Robotic knee surgery platform developer OmniLife Science said today it began testing on its OmniBotics active spacer robotic tissue balancing device at 3 US sites after having won FDA 510(k) clearance in September.
The Raynham, Mass.based company said its OmniBotics active spacer is designed to allow surgeons performing total knee surgeries to quantitatively manage the soft tissue envelope during the procedure and can be combined with the company’s OmniBotics system for a customized procedure from a skeletal and tissue-based perspective.
“I believe that the active spacer technology is the tool we have been looking for to create even better predictability and reproducibility for knee replacement surgery I’m very excited to offer this system to my patients,” Dr. Jeffrey Lawrence said in a press release.
“The active spacer technology is a great step forward that brings the most advanced measurement and analysis tools directly to each patient and surgeon right in the operating room. It’s an unprecedented, real-time evaluation of the knee that optimizes each step of the procedure,” Dr. John Keggi said in a prepared statement.
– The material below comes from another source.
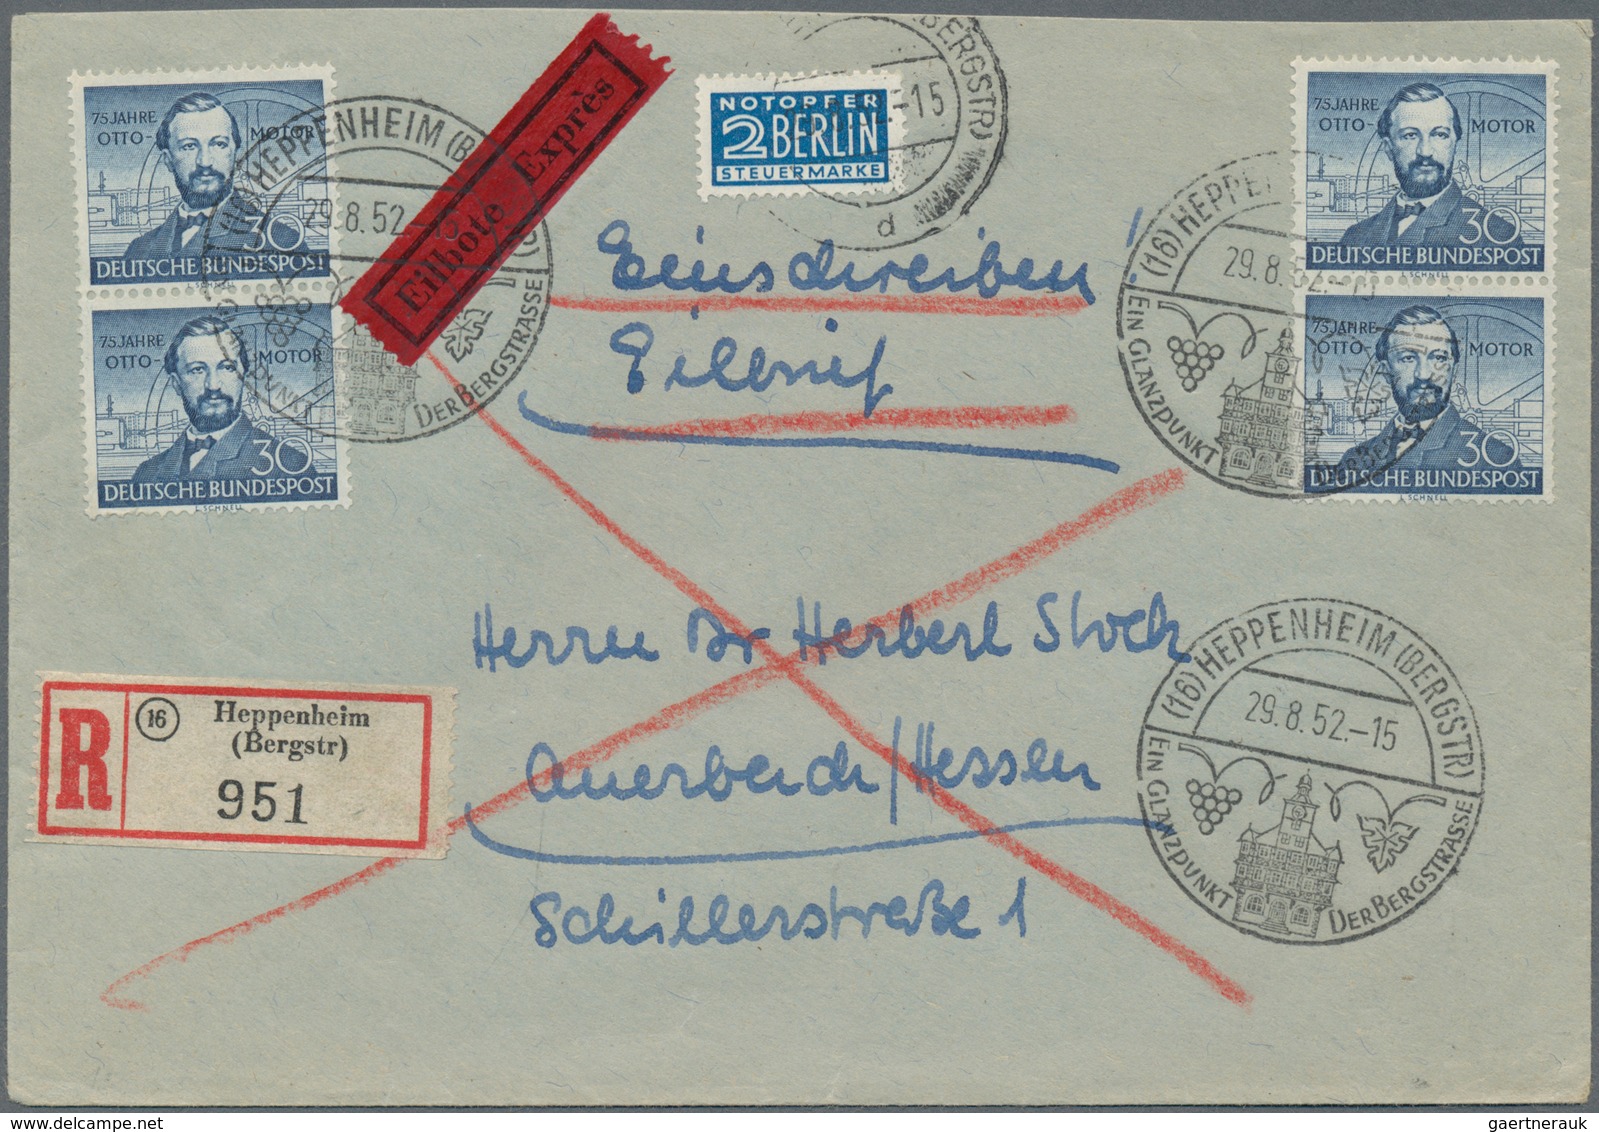 Bundesrepublik Deutschland: 1949/2012, sehr gehaltvolle Spezialsammlung mit Schwerpunkt Einzel- und
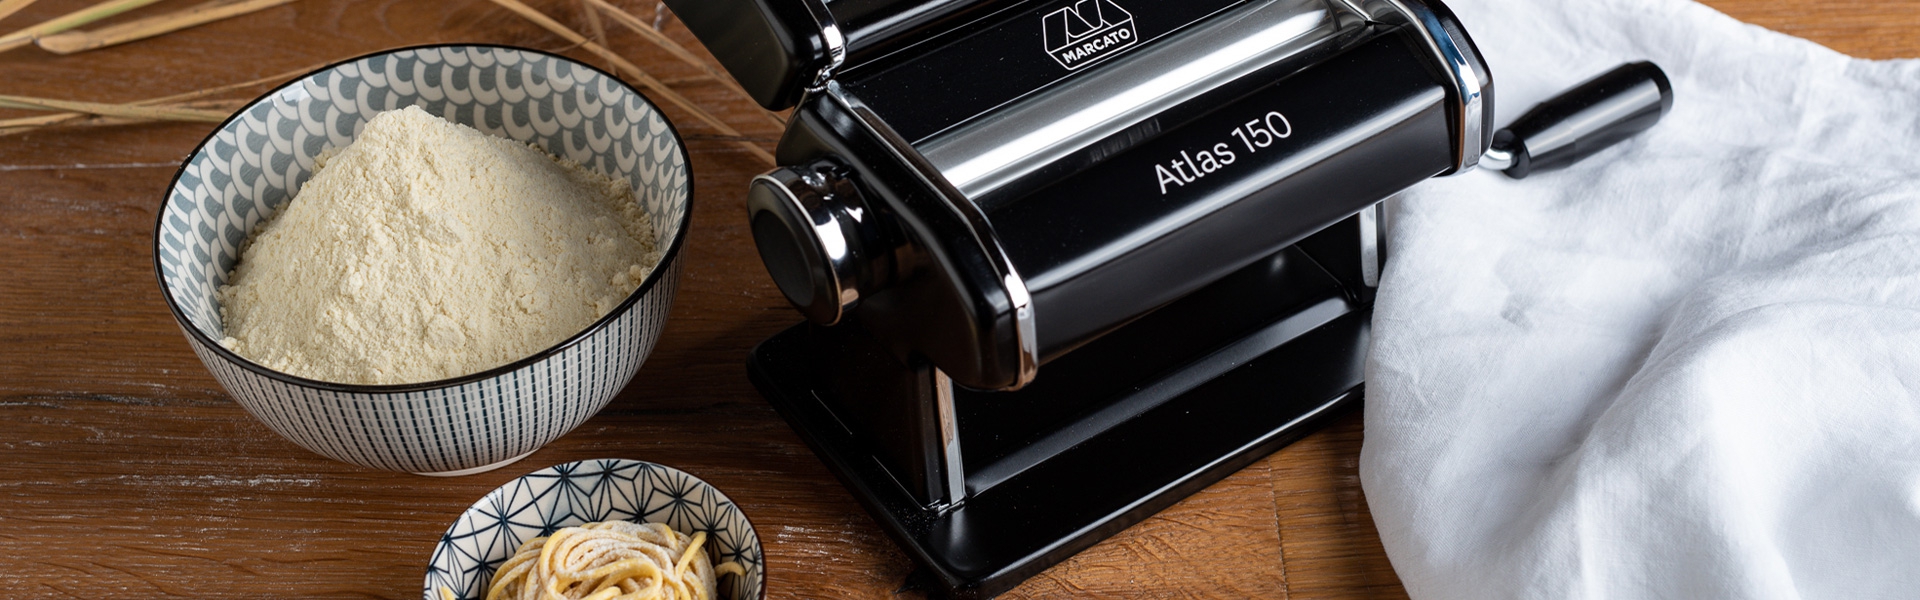 Atlas 150 Pasta Machine Black

OMNI said that the new addition intends to improve patient satisfaction by improving soft tissue balancing, as many knee replacement patients do not achieve full satisfaction, even when implants are well placed, due to sub-optimal soft tissue balancing.
“The active spacer is an amazing new technology for knee replacement. It actually shows your surgeon, in real time, how tight or loose your knee is on each side as it bends. This information is then fed into a robot, which plans how your knee is replaced on an individual basis for optimum results. I believe that this revolutionary, never before seen technology will get us not one–but several–steps closer to the Holy Grail of knee replacement: the freely moving, perfectly stable and pain-free knee,” orthopedic surgeon Dr. Amber Randall said in a prepared release.
The robotic company touted the OmniBotics active spacer as the only tech that “quantitatively drives the total knee replacement surgical procedure with both alignment and ligament balancing.”